Have these ready (where relevant):
- your Articles of Association
- your cap table (who owns what)
- any existing shareholder agreements or investor side letters
- details of any existing loans or security
3. Be Honest About Risk Tolerance
Some business owners want maximum flexibility, others want maximum certainty.
Neither is “right” - but your solicitor needs to know your approach so the drafting matches your priorities (and doesn’t waste time negotiating points you don’t care about).
4. Don’t Sign “Just To Get It Done”
It’s normal to feel pressure when funds are on the line - especially if you need the money to hire, stock up, or keep the lights on.
But finance documents are designed to be enforceable. If you sign without understanding key clauses (like default provisions, personal guarantees, or consent rights), you can accidentally accept risk that’s far bigger than the funding amount.
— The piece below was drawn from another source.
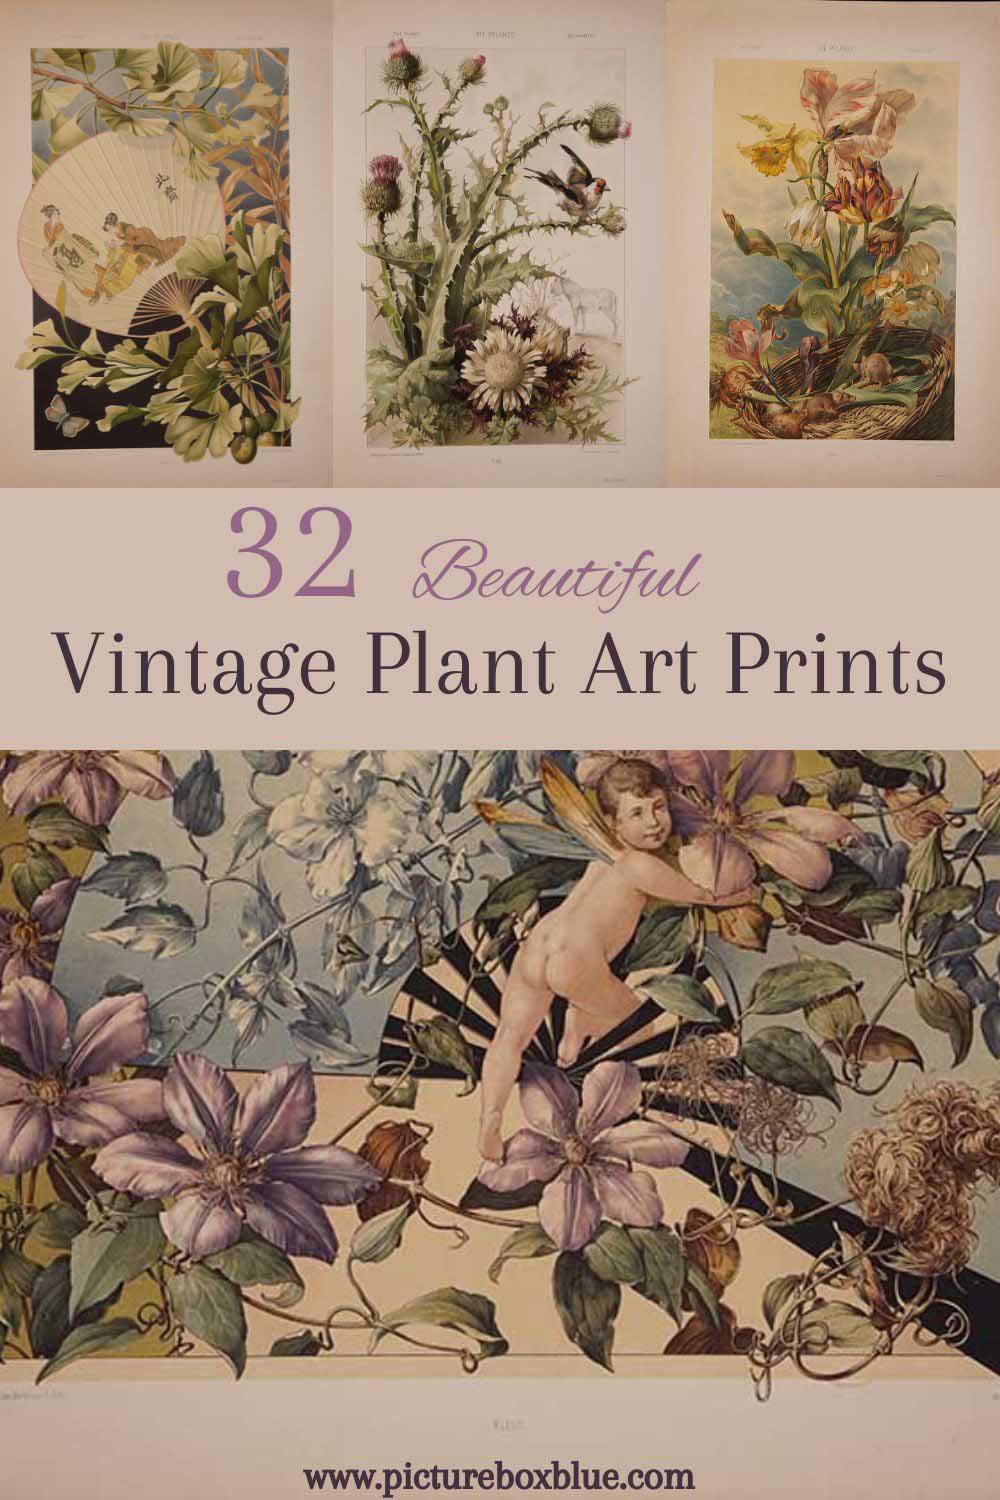 Vintage plant art prints volume one

If anything feels unclear, it’s worth pausing and getting advice tailored to your circumstances.
Key Takeaways
- A finance solicitor helps your business document, negotiate and complete funding deals properly, so the legal paperwork matches what you actually agreed.
- You’ll usually want a finance solicitor when you’re borrowing money (especially from directors/shareholders), raising equity investment, refinancing debt, or buying/selling a business.
- Common finance documents include term sheets, loan agreements, share subscription agreements, convertible notes/SAFE notes, and (in some cases) security documents.
- If you already have a Shareholders Agreement, your funding deal may need to fit within pre-emption rights, consent requirements, and governance rules.
- Finance transactions can create “future you” issues (like blocking a later funding round or a business sale), so it’s worth stress-testing terms before signing.
- You can keep legal costs down by clarifying commercial deal points early and gathering your existing company and funding documents upfront.
Disclaimer: This article is general information only and does not constitute legal, financial or tax advice. You should get advice tailored to your circumstances. Sprintlaw does not provide tax advice.